Syndicated Tenancy-in-Common Arrangements: How Tax-Motivated Real Estate Transactions Raise Serious Nontax Issues
Probate and Property, September/October 2004, Volume 18, Number 5
By Bradley T. Borden and W. Richey Wyatt
Bradley T. Borden is an associate professor of law at Washburn University Law School, Topeka, Kansas. W. Richey Wyatt practices with the San Antonio, Texas, law firm of Oppenheimer, Blend, Harrison & Tate, Inc.

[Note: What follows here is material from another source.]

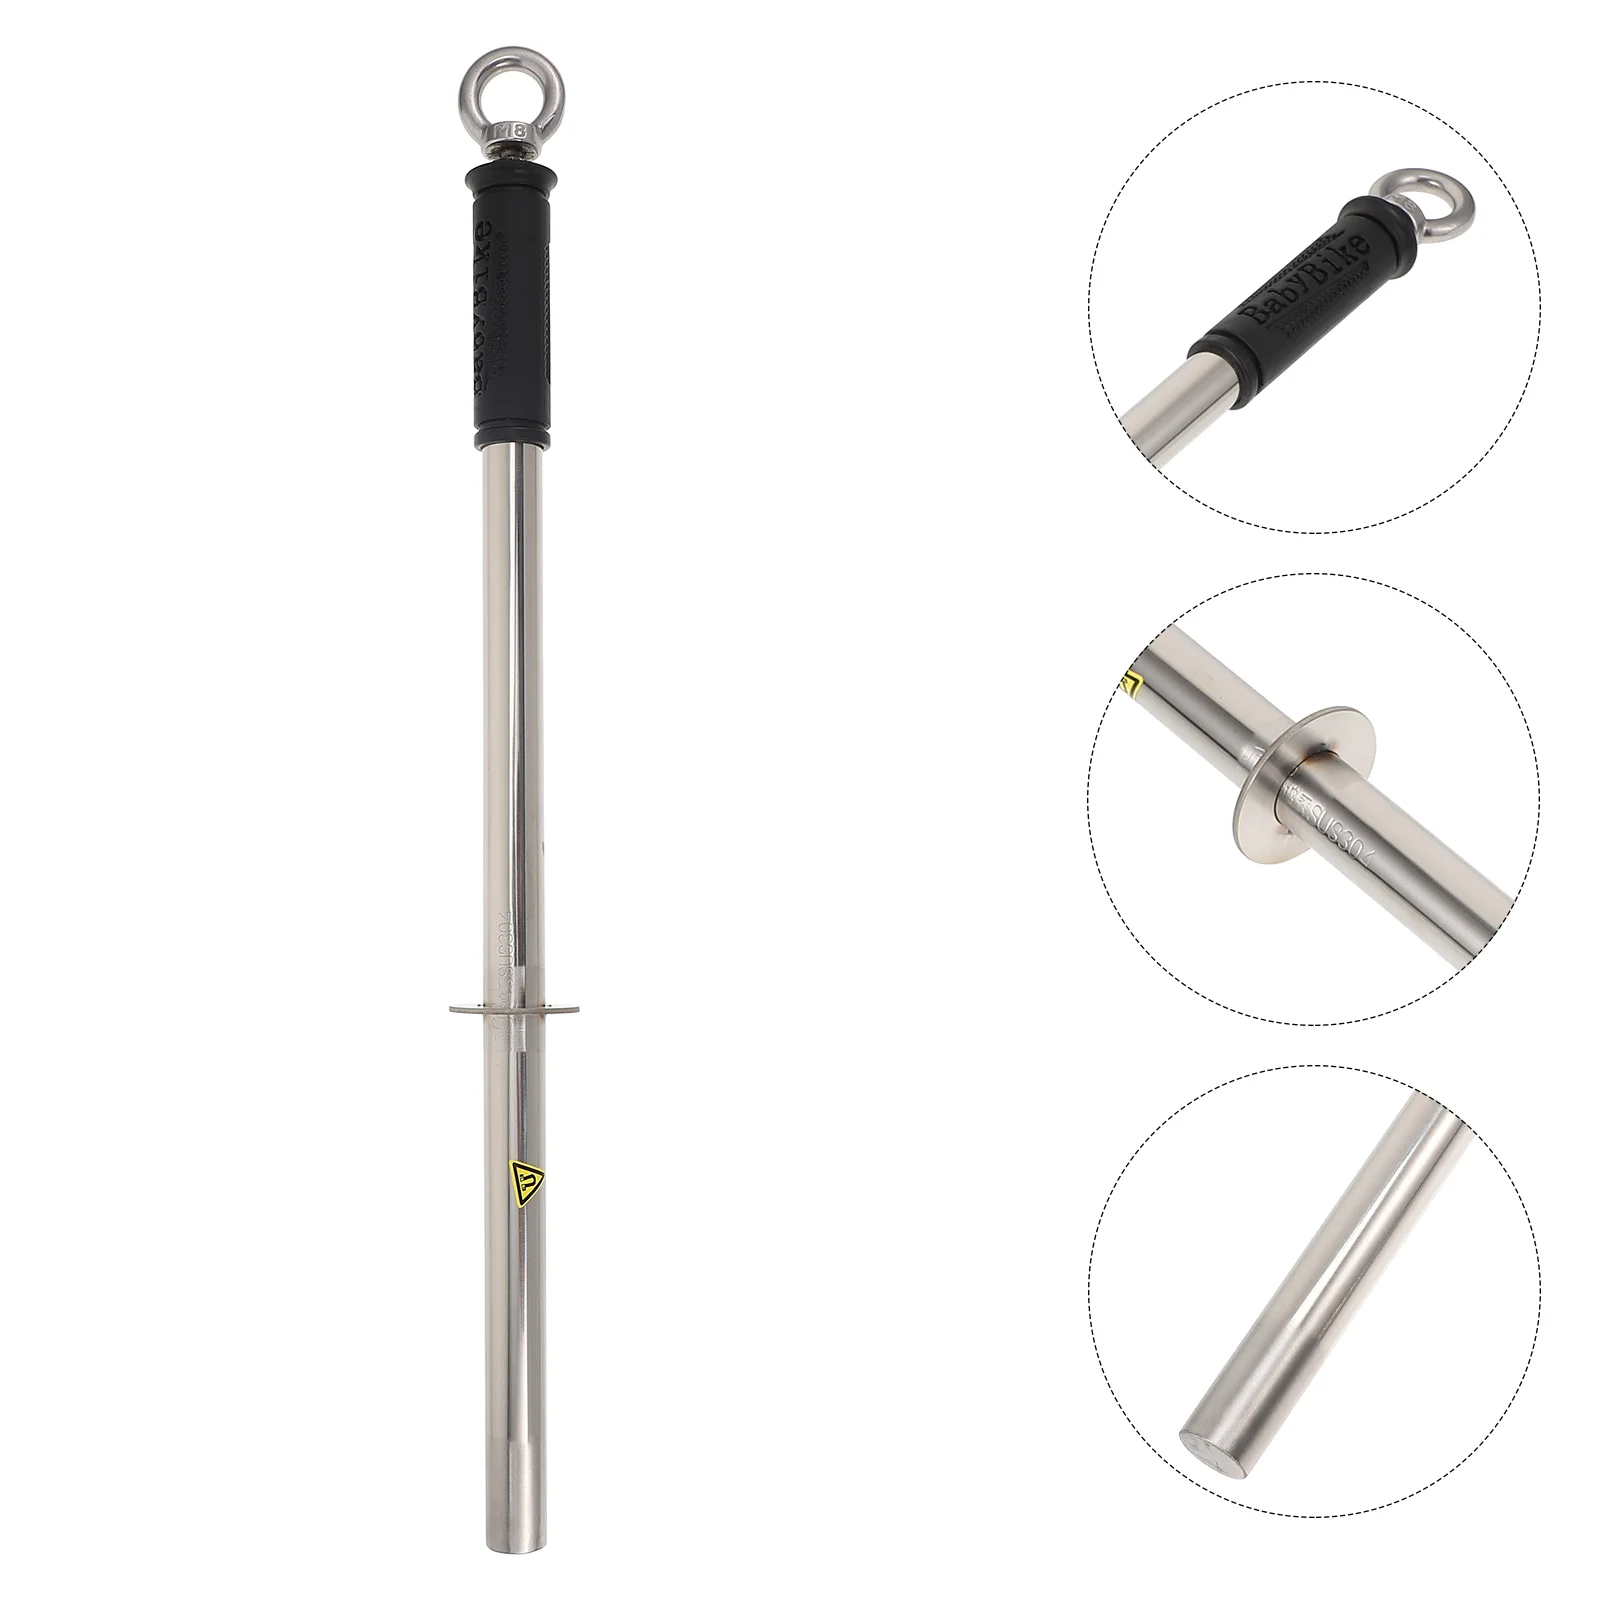 

Tool Magnet Pickup Nail Swarf Retrieving Telescoping Iron Up Sweeper Telescopic Pick Absorber Collector Rod Stick Extendable Bar

Some real estate syndicators have added tenancy-in-common (TIC) interests to their traditional offerings of limited partnership interests. A TIC interest allows an investor to acquire an undivided interest in the underlying property instead of buying an interest in an entity that owns the property. The primary driving force behind this trend is property owners’ need for replacement property to complete tax-free exchanges under Code § 1031. Syndicators, however, are finding that investors will invest cash, other than Code § 1031 exchange proceeds, in TIC arrangements. They do so because syndicators promise higher rates of return than investors have recently been able to find in the stock and bond markets. Nonetheless, because TIC arrangements almost always involve Code § 1031 exchange proceeds, technical requirements must be satisfied to obtain the tax results required by the Code § 1031 investors. Also, because these arrangements involve the ownership of real estate by multiple owners, they raise many nontax issues that must be considered along with the tax issues.